Sorry I am not making myself clear. My chit had nothing to do with Mesh sided or leather or whatever... It's because normal combat boots causes me pain in my leg. It has nothing to do with a rash or a sweaty foor problem but pain. Hence physio however the pain is due to a medical condition, being blown up. So now that I have made that clear WTF am I to do now? Do I go to the MO and geta  new chit or o I press the issue with Clothing to be told I can't have that and they give me MKIV's which don't work for me.

I am guess you are going to tell me to go to the MO and try and get this sorted somehow and I thinking that is my best bet. Unless you have a better idea?


Grunt,

You are not RTFOO I think thats the best idea I have heard reference this issue for a long time. No need to F**K around wth this and that, clothing has your size either running shoe or CF boot size and they place an orde 3-5 days later BAM! you have boots for the member no fuss no muss.


----------



## armyvern (16 Sep 2007)

HitorMiss,

Does your chit say Converse on it?? I believe that they are mesh-sided no?? Sup Techs know this. We purchase a hell of a lot of boots.

If your chit says "converse" then we can not purchase them for you in lieu of combat boots. We must purchase "all leather" boots to replace your combat boots by the specs, unless, of course, you have a chit signed by an MO which states that you "*need* mesh-sided" (it MUST say mesh-sided in order for us to buy you mesh-sided) in lieu of "all leather" (combat boots) boots due to a diagnosed medical condition.

Thus the problem. If the chit is for a mesh-sided boot (specificly named or not) ... (it should not state a specific make) ... it is the MO who has to be signing it to authorize their purchase.


----------



## HItorMiss (16 Sep 2007)

Right to the MO I go then....... Where I will get the same chit.

I'll make sure to tell you how all this turns out...... I have a sinking feeling about it all really they will send me to the Loal place which I know does not carry the boots I want and I will be forced to trial differents makes at the CF's expense till I find one that works..... Yup I wasting CF money and everyones time and sitting through my pain.


----------



## RCR Grunt (16 Sep 2007)

Vern,

Can you define the "L" in LPO for us?  I know its local, but how local?  Within 25 clicks of the base?  50?  100?  1000?  Within Canada?  I think if a member has been prescribed a type of footwear, why should the supply chain decide if he is going to get his prescription filled or not?  If you can't purchase the product locally, expand the definition of local till you can.  Saves the CF money, because the member gets what he needs the first time around.  Saves the member time and pain, because he only has to deal with the system once to get his chit filled properly.  If its a matter of trying the boot on, then the system becomes necessary, every one makes a different size 9.  But if the soldier already has said boot, and knows his size, ordering outside the normal parameters of the word "local" should not be an issue.  The unwillingness of the supply chain to bend the rules to allow soldiers to carry on with their jobs seems ridiculous to me.  I mean no offense to anyone by this, it just seems silly is all.


----------



## armyvern (16 Sep 2007)

HitorMiss said:
			
		

> I am guess you are going to tell me to go to the MO and try and get this sorted somehow and I thinking that is my best bet. Unless you have a better idea?



HitorMiss, go to see your MO and ask him to write one out that says:

"Requires mesh-sided boots due to medical condition." You should then not experience any problems. I have sent many pers back to the MIR here when they have been here on course (ask medicineman!!!) and require their boots exchanged for new LPOd footwear when they have stated that the ones they have (and that work for them) are mesh-sided. Usually they are back to us the same day, with a new chit reading "mesh-sided" signed off by an MO. If the style of boot they wear is available here locally, our Sup Tech calls down to the supplier, and our LPO driver runs into town to pick them up for the student. 

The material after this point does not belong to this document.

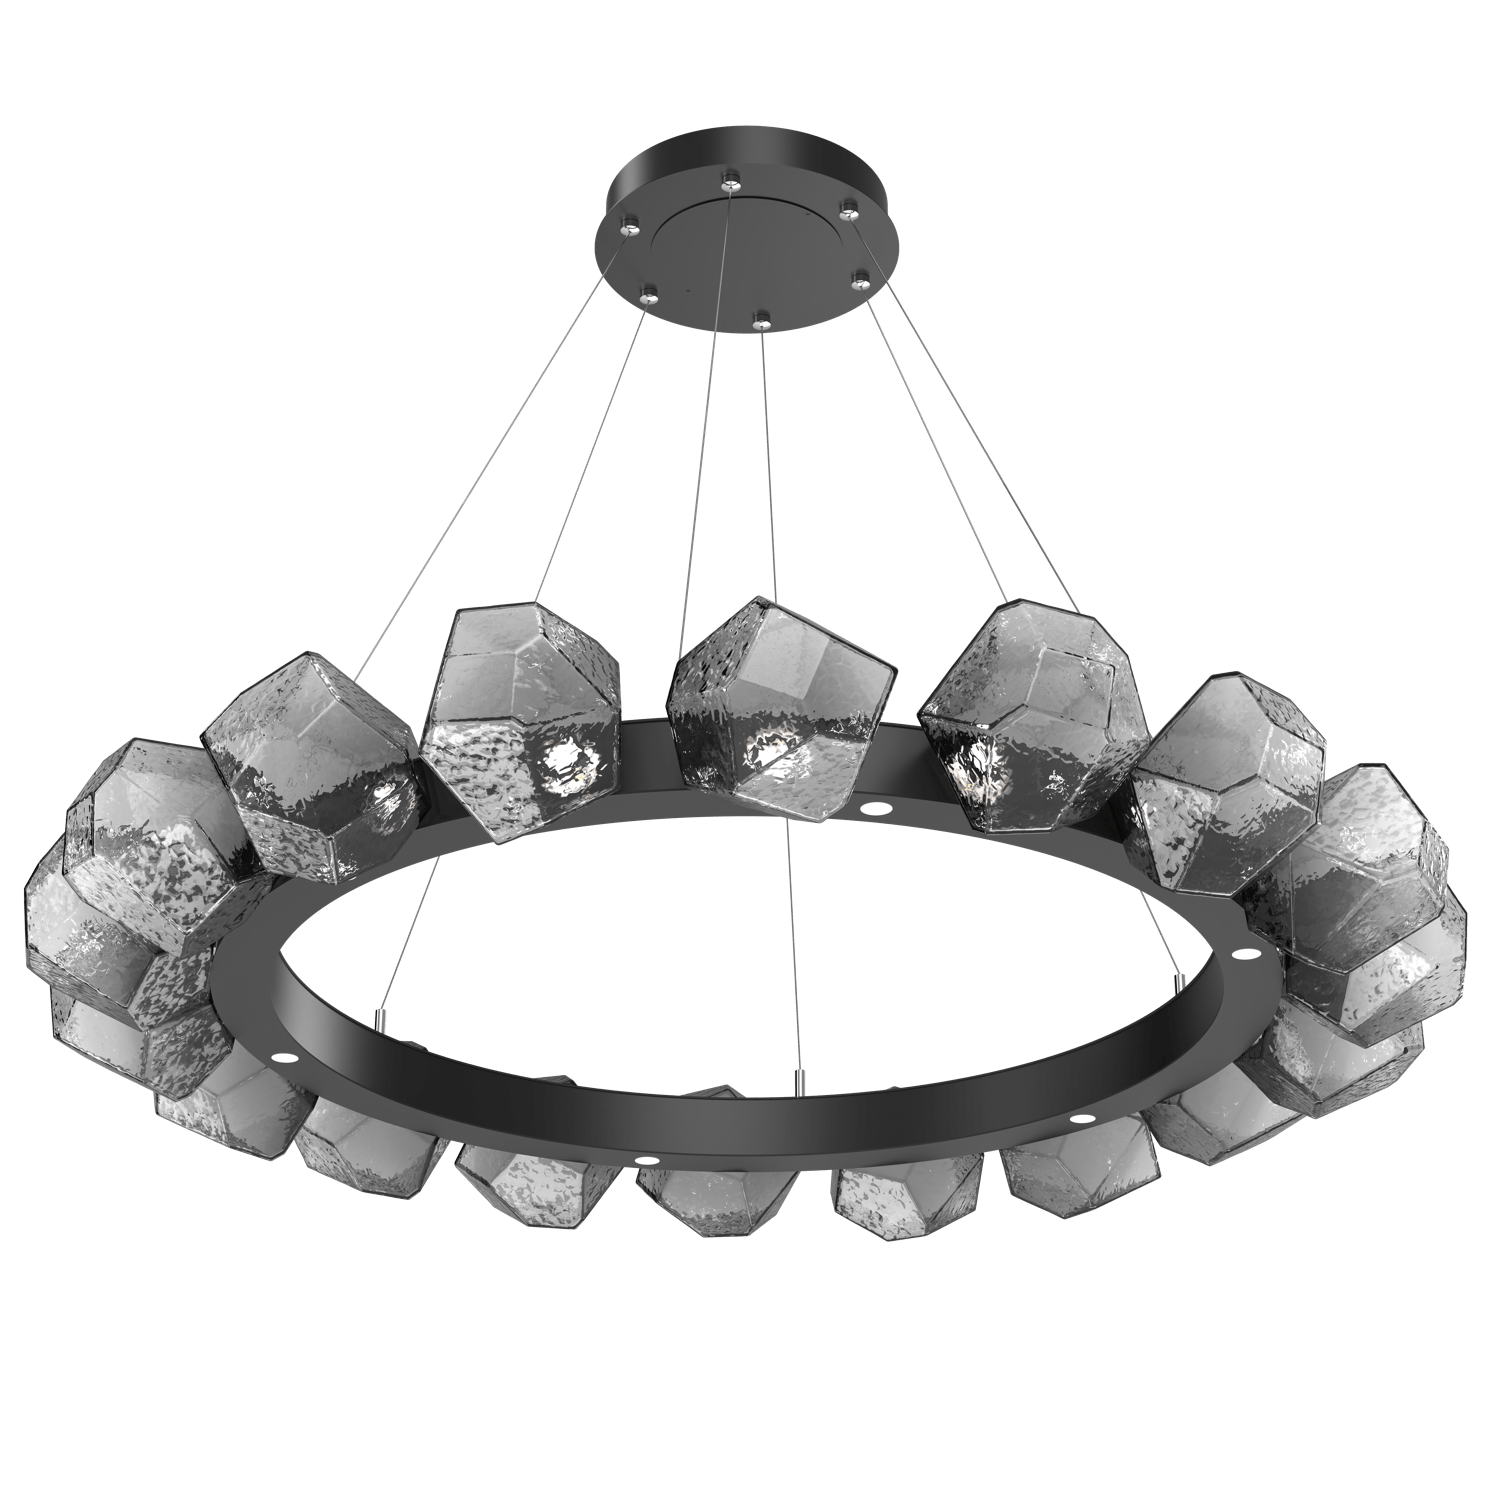 CHB0039-48-MB-S-Hammerton-Studio-Gem-48-inch-radial-ring-chandelier-with-matte-black-finish-and-smoke-blown-glass-shades-and-LED-lamping

If the boot is not available locally, we try to obtain them as a "special-order" from one of the boot suppliers. Of course, this can't always be done, so sometimes we end up going to another Base where they are available and getting them shipped into us ... but that, of course, causes delays to the student.



> Grunt,
> 
> You are not RTFOO I think thats the best idea I have heard reference this issue for a long time. No need to F**K around wth this and that, clothing has your size either running shoe or CF boot size and they place an orde 3-5 days later BAM! you have boots for the member no fuss no muss.

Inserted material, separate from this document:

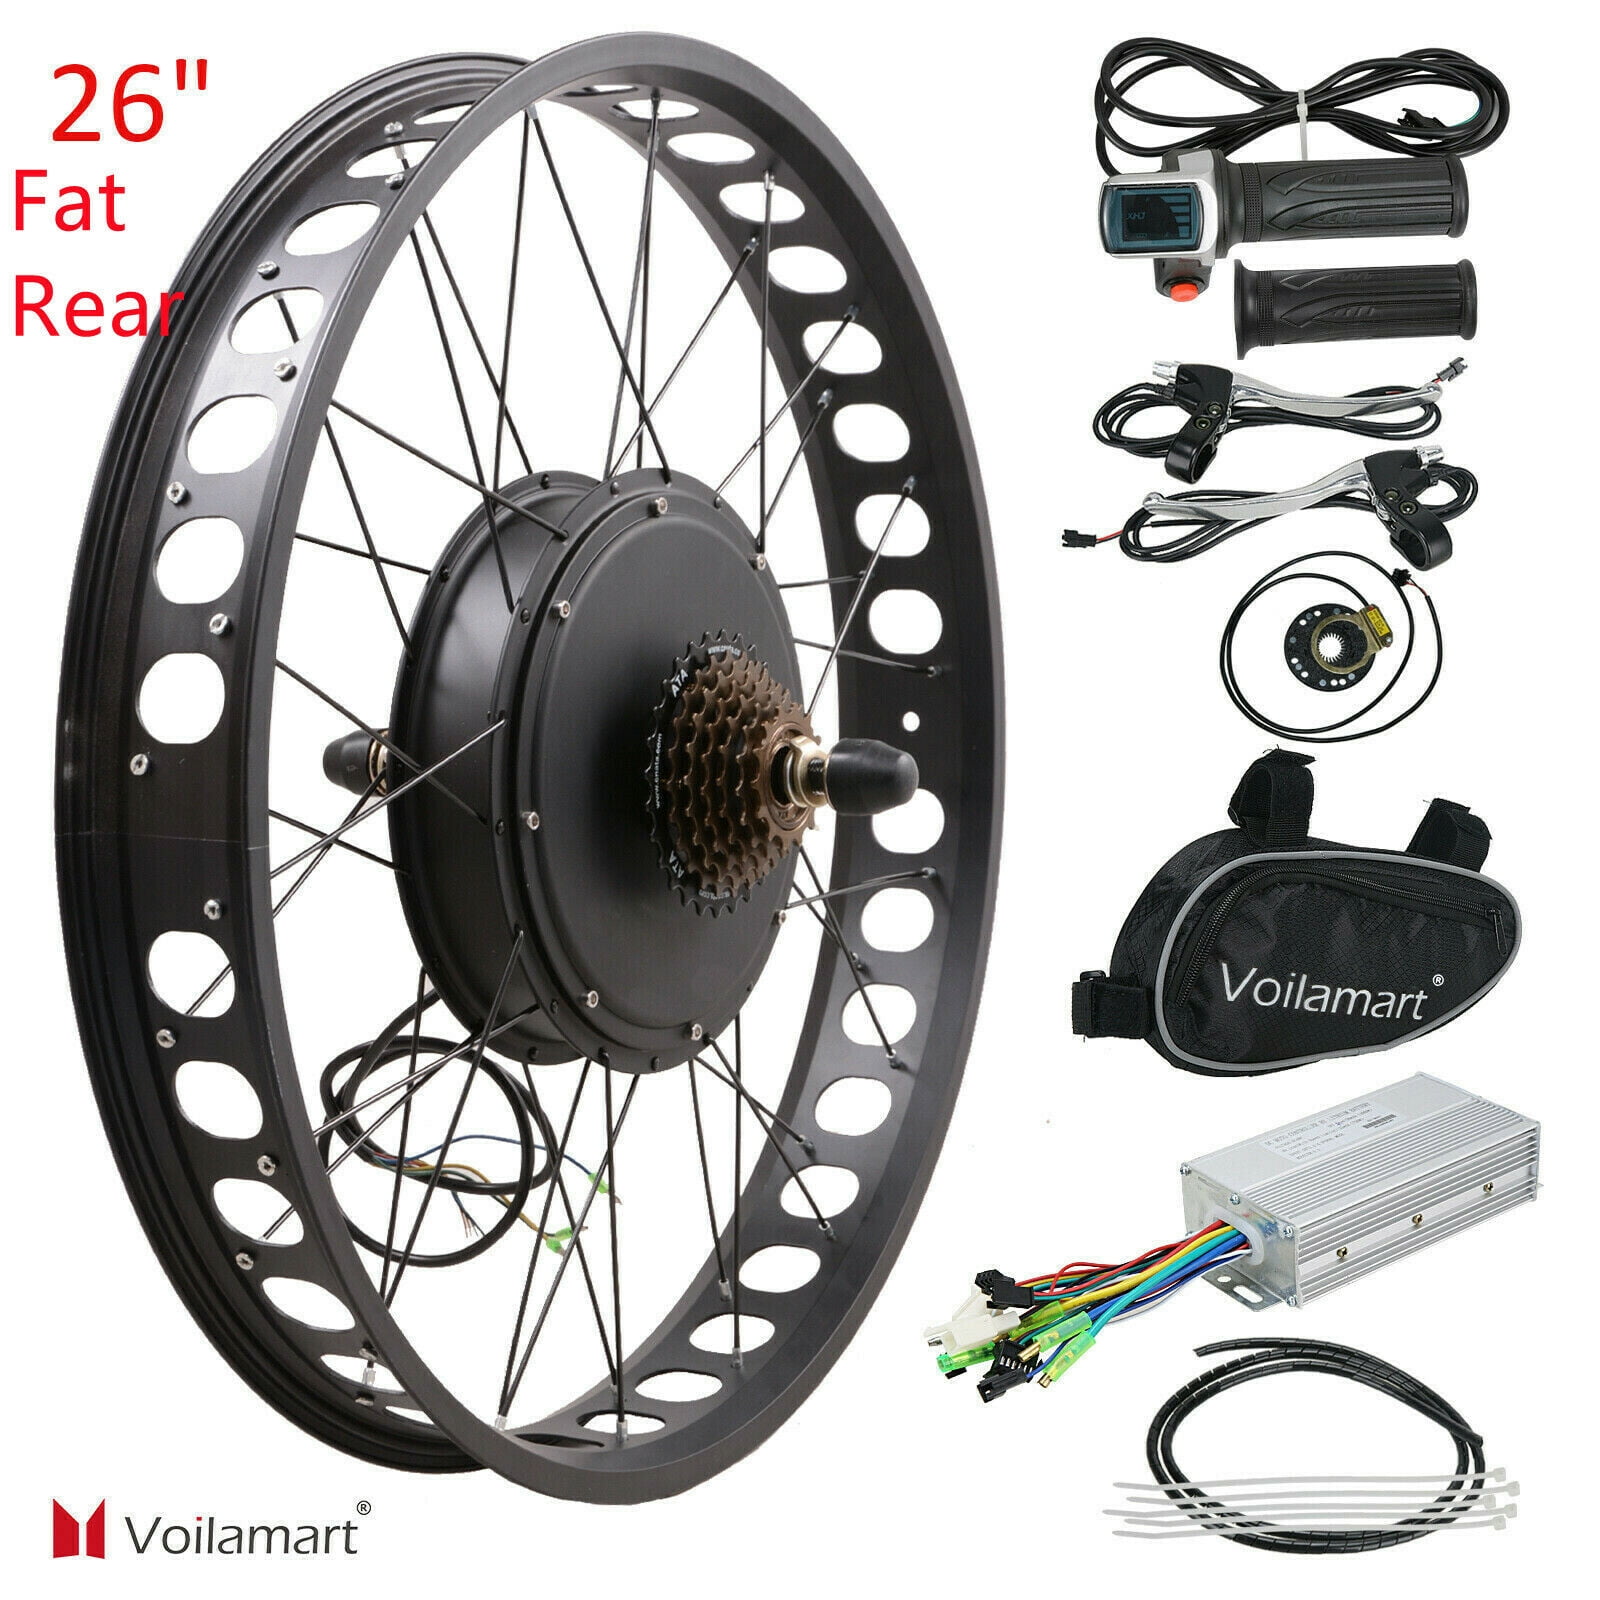 JauoPay 48V 1000W Electric Bicycle Conversion Motor Kit 26" Rear Fat Tire LCD

No, he's not RTFOO. But, LPOd footwear is paid for by the members home unit, using home unit fin coding. For students here in Gagetown who present with new chits, we fire off an email to the Clothing Stores of their Home Unit asking for fin code to purchase. We'll do the purchasing, but your base needs to authorize us in writing to spend their money to do it. As soon as we've got that from them ... we place your order. We do our best to get you what you need, as quickly as we can. But, some bases have been known to come back with a "Nope, funding NOT authorized -- he should have came in to see us before he left for course to make sure his kit was good to go as per his joining instructions." We can fight back, sometimes we win the fight -- sometimes we don't.

(Now you know what the Sup Techs are doing behind the scenes of a process that all seems so simple to you ... sarcasm off. But when it's another Base Commanders money that he is accountable for ... well what can a mere Cpl Sup Tech working the CSG counter do?? )

In cases like that, our hands are tied. 

Which is exactly why:

(I say again over) Nothing short of an annual allowance given to each member to purchase their own properly fitting, and what works-for-them footwear will suffice.

This ensures that you, no matter where you are ... have that ability to order the boots you need, want, and require quickly and effeciently to enable you to accomplish your job; whether that be via the internet or in a local store, or whatever. 

You'll just get your money each year, no muss -- no fuss, and have the ability to get your own on-line within that 2 days or whatever (because when taxpayers money and other Base's money is getting spent it's just not as easy as it -- because you don't see the system red-tape that we Sup Techs need to chew at in the background of the whole process -- is for you sitting at home or in your room in the shacks).


----------



## armyvern (16 Sep 2007)

RCR Grunt said:
			
		

> Vern,
> 
> Can you define the "L" in LPO for us?  I know its local, but how local?  Within 25 clicks of the base?  50?  100?  1000?  Within Canada?  I think if a member has been prescribed a type of footwear, why should the supply chain decide if he is going to get his prescription filled or not?  If you can't purchase the product locally, expand the definition of local till you can.  Saves the CF money, because the member gets what he needs the first time around.  Saves the member time and pain, because he only has to deal with the system once to get his chit filled properly.  If its a matter of trying the boot on, then the system becomes necessary, every one makes a different size 9.  But if the soldier already has said boot, and knows his size, ordering outside the normal parameters of the word "local" should not be an issue.  The unwillingness of the supply chain to bend the rules to allow soldiers to carry on with their jobs seems ridiculous to me.  I mean no offense to anyone by this, it just seems silly is all.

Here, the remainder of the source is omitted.